Start of Excerpted data

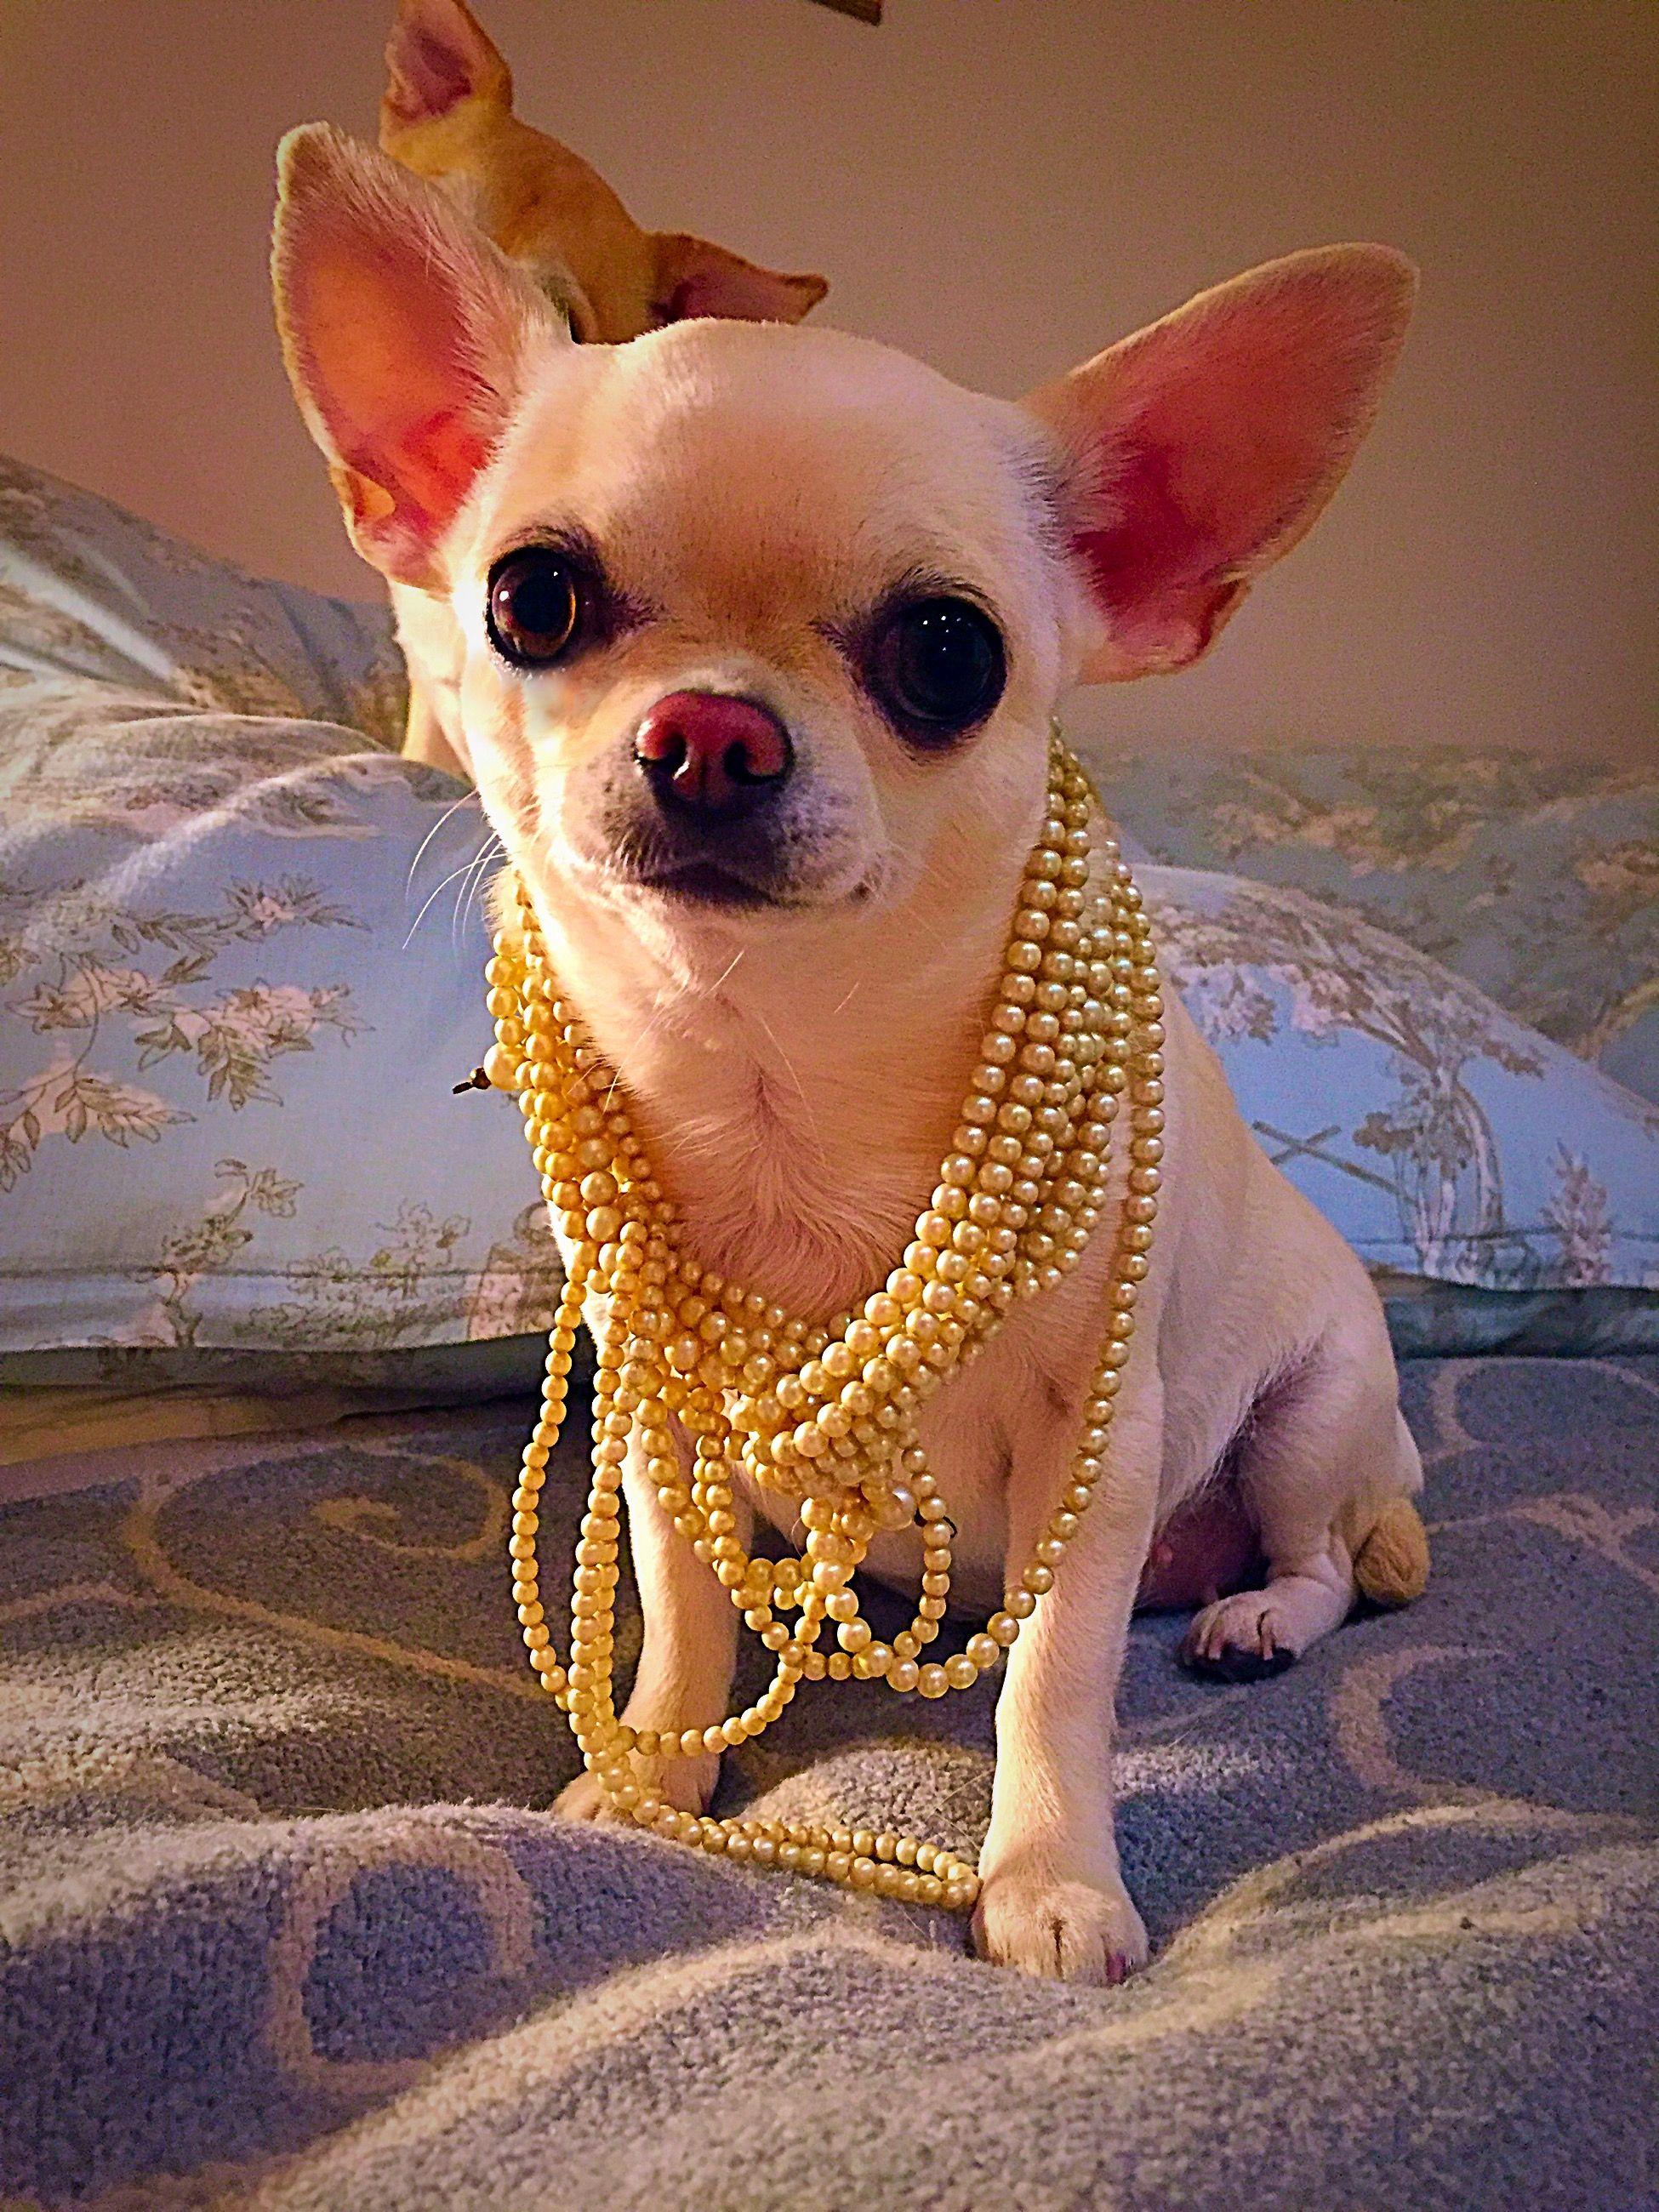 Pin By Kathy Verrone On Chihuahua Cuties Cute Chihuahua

End of Excerpted data
Start of Excerpted data

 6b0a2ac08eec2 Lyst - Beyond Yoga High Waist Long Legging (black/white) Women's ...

End of Excerpted data
Start of Excerpted data

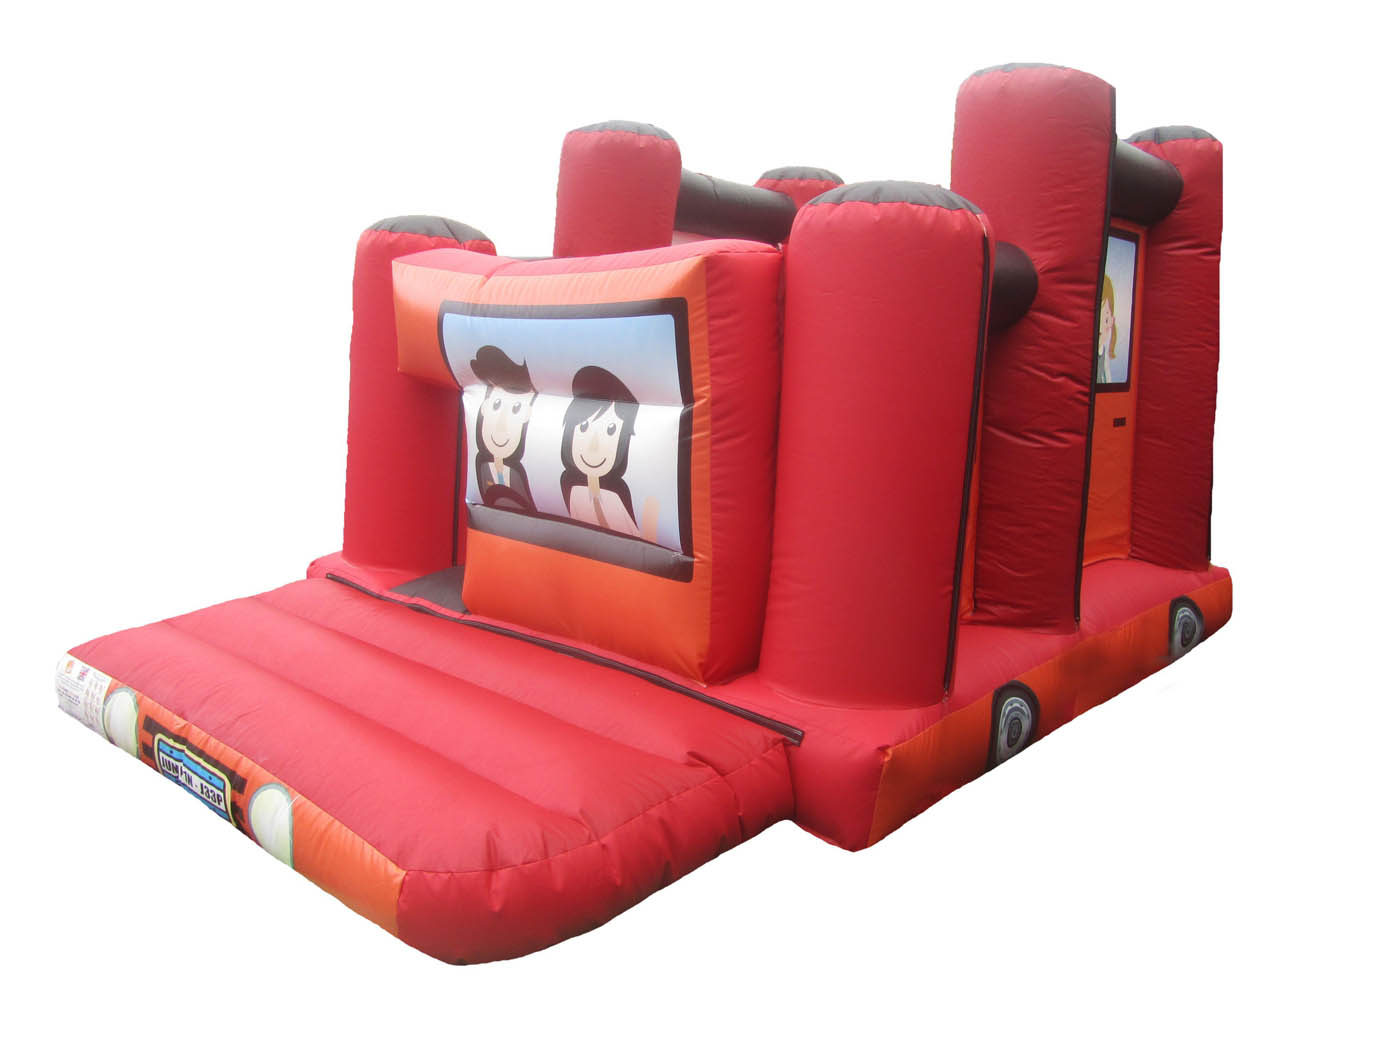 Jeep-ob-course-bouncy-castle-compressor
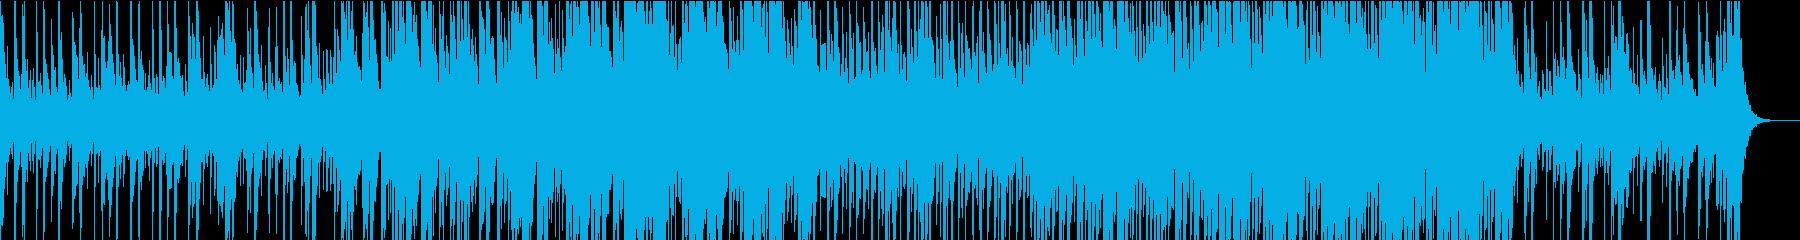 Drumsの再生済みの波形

End of Excerpted data

▶ _What you have to do_: Write back the stretch of lines above that begins with the line holding "Jeep-ob-course-bouncy-castle-compressor" and ends with the line holding "Drumsの再生済みの波形", both included, exactly as written. Pictures stay out.

▶ _Output_:
 Jeep-ob-course-bouncy-castle-compressor
 Drumsの再生済みの波形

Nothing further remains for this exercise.